### Task details:
Can you transcribe the data exactly? Leave the pictures out.

### Data extract:
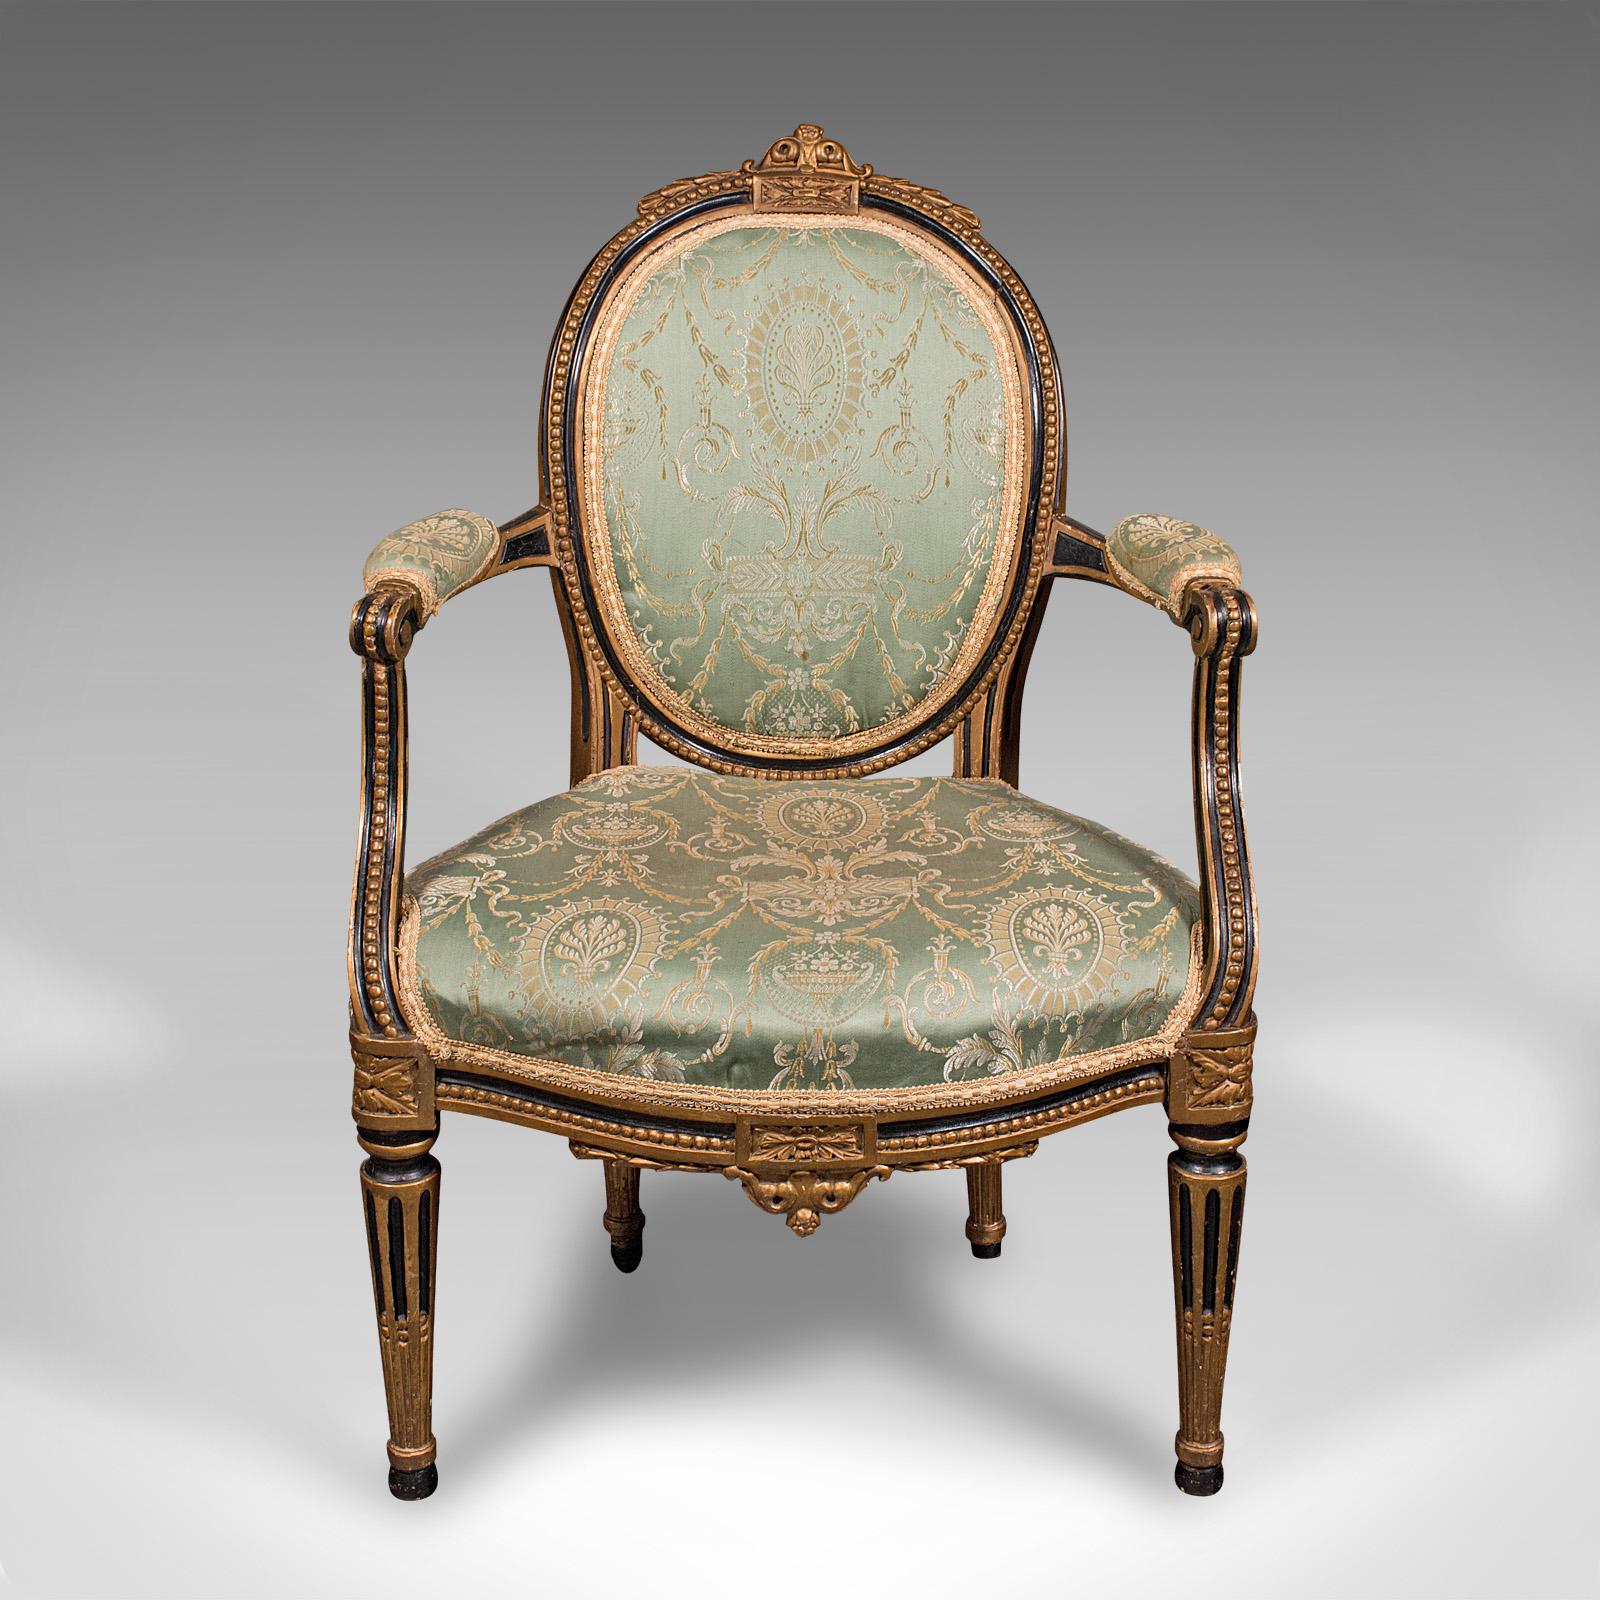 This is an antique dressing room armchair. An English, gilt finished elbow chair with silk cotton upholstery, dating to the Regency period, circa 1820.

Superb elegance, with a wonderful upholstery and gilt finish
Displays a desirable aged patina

### Answer for this exercise:
 This is an antique dressing room armchair. An English, gilt finished elbow chair with silk cotton upholstery, dating to the Regency period, circa 1820.

Superb elegance, with a wonderful upholstery and gilt finish
Displays a desirable aged patina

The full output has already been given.